With net zero consensus now in place, there are five priority objectives for action With targets now set at state, territory and national levels, there is willingness to drive towards net zero from government, industry and investors alike.

Australia now has a moment of opportunity to take strong, effective and coordinated action.

The Australian Industry ETI has identified the following objectives to ensure Australian industry can transition to net zero emissions.

These objectives present priorities, rather than sequential steps and in many cases will need to be developed concurrently to achieve the required rate of transition.

Each objective is applied to each of the five key industrial supply chains and detailed in the full report.

Recommended actions to unlock 1.5°C-aligned pathways

With targets now set at state, territory and national levels and a willingness to drive towards net zero in place from government, industry and investors alike, there is now a moment of opportunity to take strong, effective and coordinated action towards net zero emissions.

Chapter 8, ‘Enabling the transition to net zero emissions in Australian industry’ outlines key recommended actions and enablers, aligned to the 1.5°C trajectory.

The objectives of the recommended actions and enablers are to:

  • Set a strong, clear, enduring framework with a net zero goal to align industry, finance and government efforts on the transition of Australia’s industry
  • Transition to the large-scale, cost-competitive, renewable energy system of the future
  • Accelerate development and demonstration of the emerging technologies needed for Australia to be a net zero emissions superpower
  • Drive deployment of low carbon solutions across the economy, reduce barriers and support investment towards the transition to compete in a decarbonising global economy
  • Develop integrated net zero regions, supply chains and energy network solutions.
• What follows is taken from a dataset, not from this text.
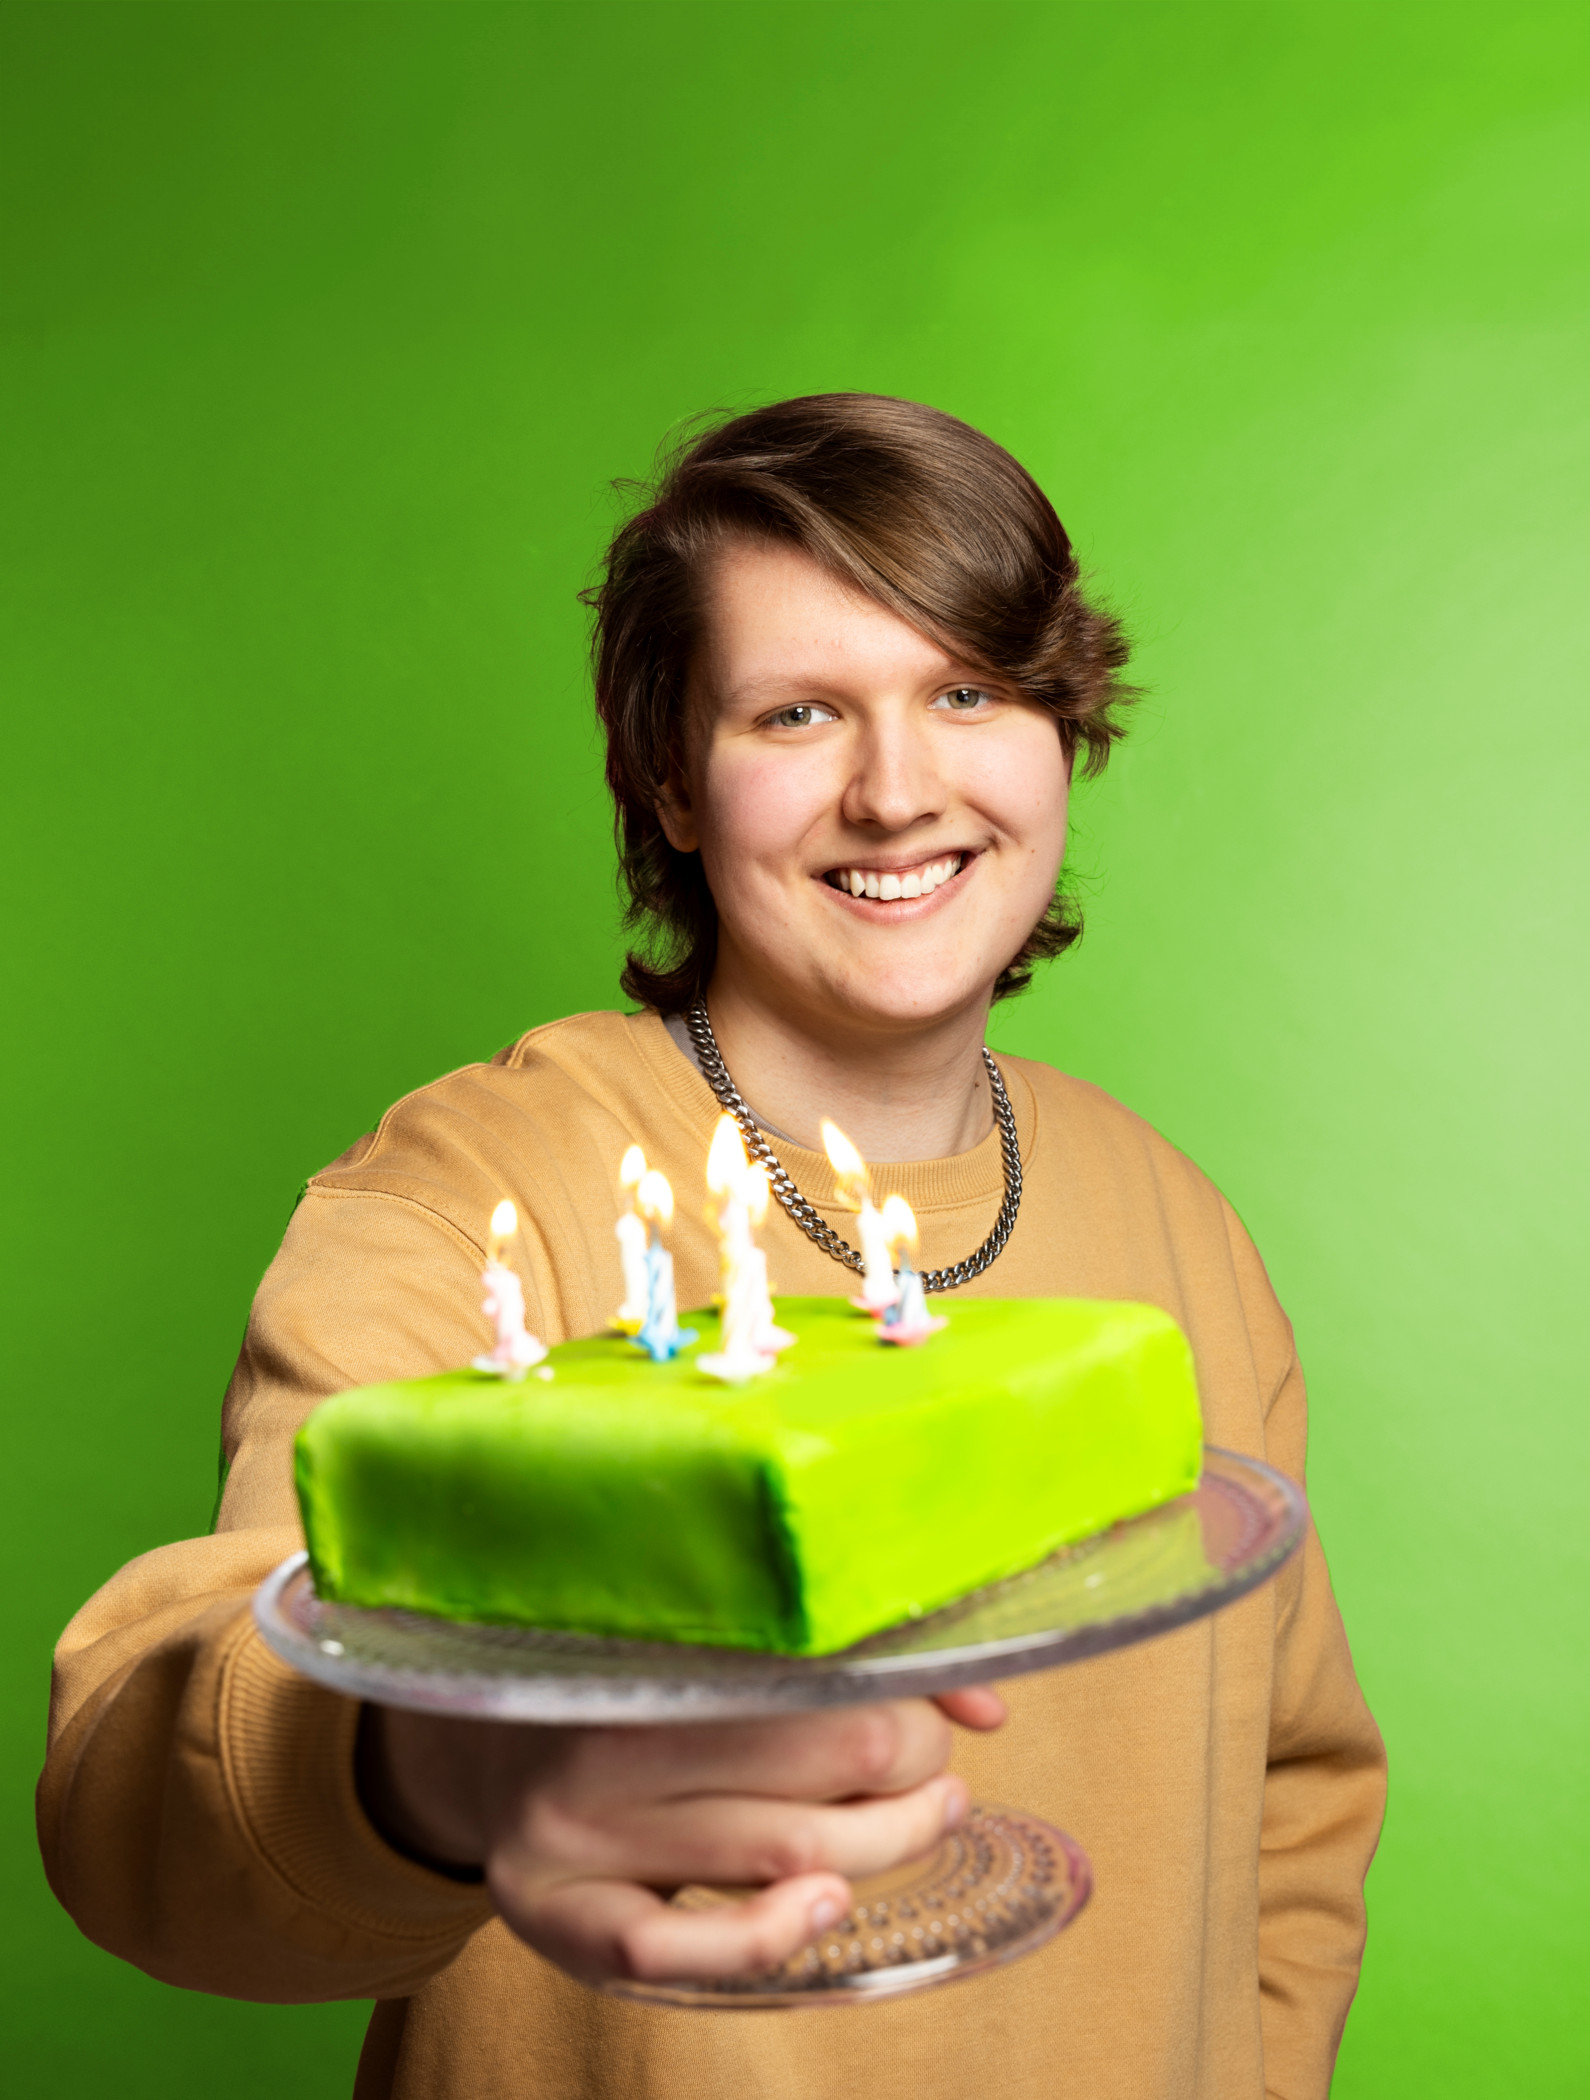 Kakkuh näyttää hymyillen kameralle vihreää kakkua, jossa palaa kahdeksan kynttilää.

While the challenges will be significant, a potential pathway for Australian industry aligned to limiting temperature rise to 1.5°C does exist

This is a moment of opportunity for Australia to align and focus efforts to create a globally competitive, equitable, net zero industrial economy.

The transition will only be achieved if strong, effective and coordinated action is taken across the economy.

Despite the significant short-term hurdles, industry has a critical role to play in decarbonising the energy system to support decarbonisation and economic prosperity.

Importantly, momentum is building across Australia’s economy to decarbonise heavy industry supply chains and commitment from industry is also building towards the long–term transition.